A numerical refinement operator based on multi-instance learning

  • Authors:
  • Erick Alphonse;Tobias Girschick;Fabian Buchwald;Stefan Kramer

  • Affiliations:
  • Laboratoire d'Informatique de l'université Paris-Nord, Villetaneuse, France;Technische Universität München, Institut für Informatik, Garching b. München, Germany;Technische Universität München, Institut für Informatik, Garching b. München, Germany;Technische Universität München, Institut für Informatik, Garching b. München, Germany

  • Venue:
  • ILP'10 Proceedings of the 20th international conference on Inductive logic programming
  • Year:
  • 2010

Quantified Score

Hi-index 0.00

Visualization

Abstract

We present a numerical refinement operator based on multiinstance learning. In the approach, the task of handling numerical variables in a clause is delegated to statistical multi-instance learning schemes. To each clause, there is an associated multi-instance classification model with the numerical variables of the clause as input. Clauses are built in a greedy manner, where each refinement adds new numerical variables which are used additionally to the numerical variables already known to the multi-instance model. In our experiments, we tested this approach with multi-instance learners available in the Weka workbench (like MISVMs). These clauses are used in a boosting approach that can take advantage of the margin information, going beyond standard covering procedures or the discrete boosting of rules, like in SLIPPER. The approach is evaluated on the problem of hexose binding site prediction, a pharmacological application and mutagenicity prediction.
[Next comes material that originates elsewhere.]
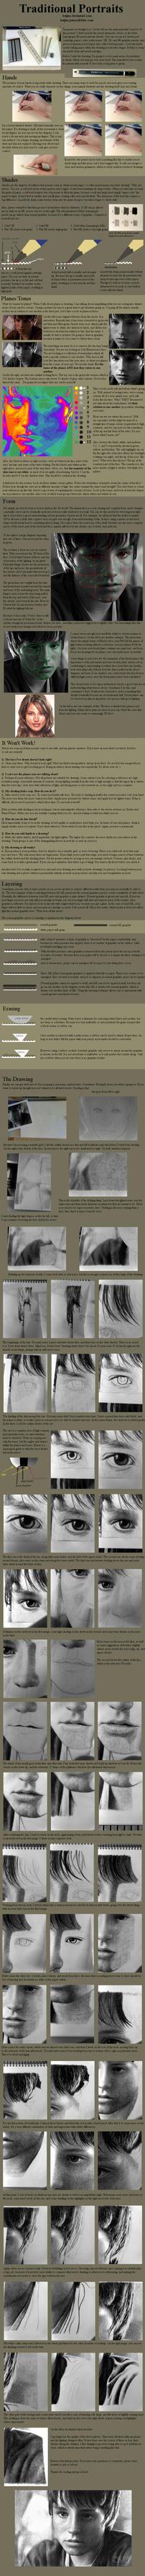 Tutorial - Graphite:Portraits by treijim
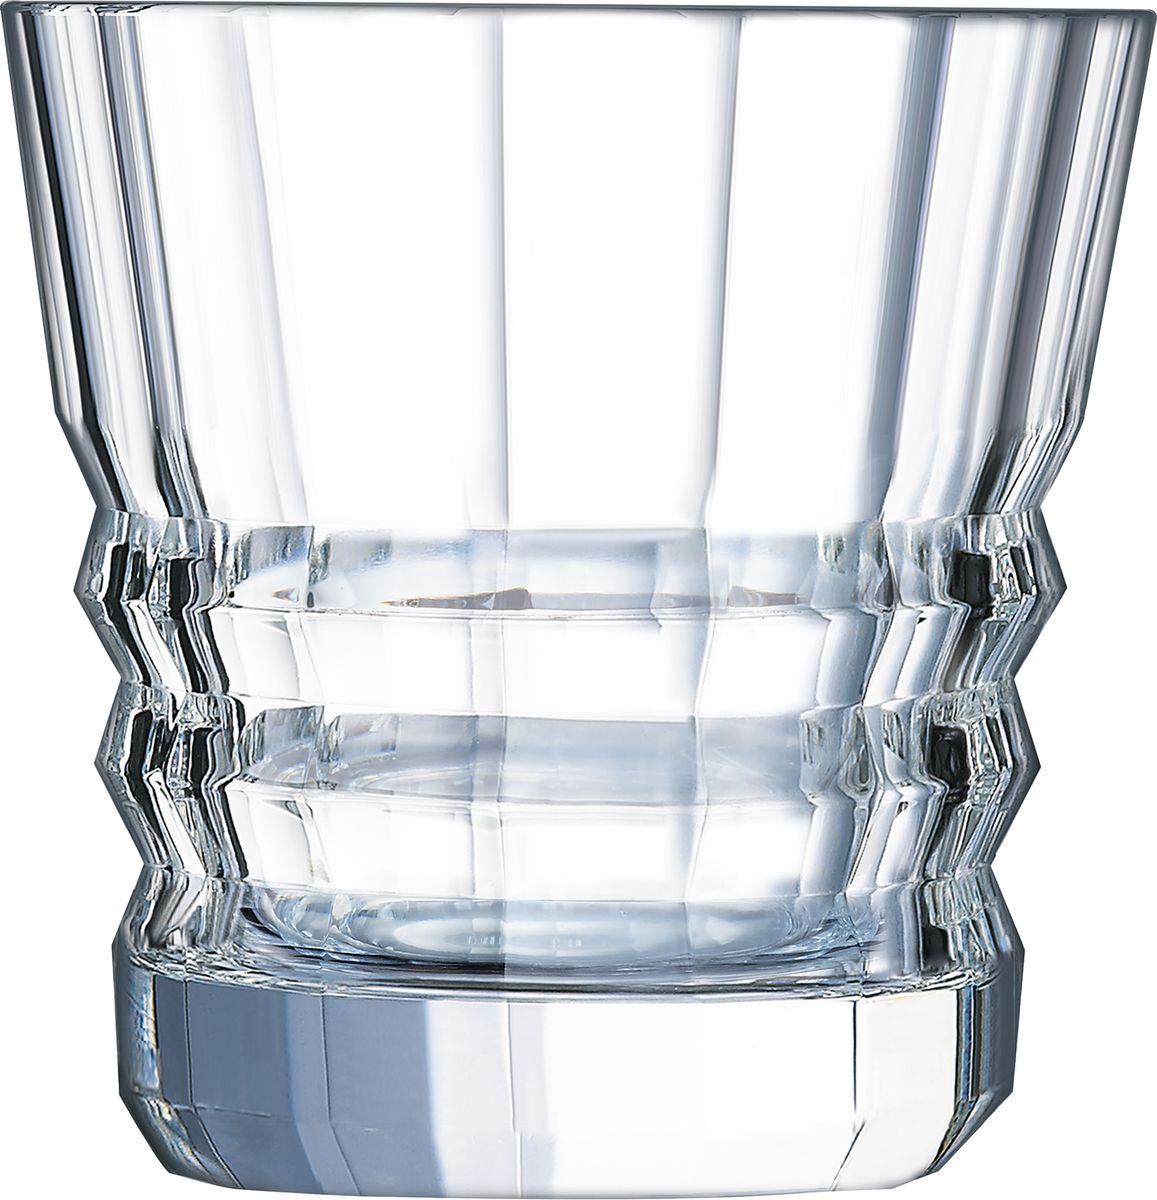 Набор стаканов Cristal d'Arques Architecte, 380 мл, 6 шт набор бокалов cristal d arques набор фужеров fleury epi cristal d arques 200мл 6 шт

In two of the three applications, the task is to find configurations of points with certain properties in 3D space that characterize either a binding site or drug activity: the logical part of the clause constitutes the points with their properties, whereas the multi-instance model constrains the distances among the points. In summary, the new numerical refinement operator is interesting both theoretically as a new synthesis of logical and statistical learning and practically as a new method for characterizing binding sites and pharmacophores in biochemical applications.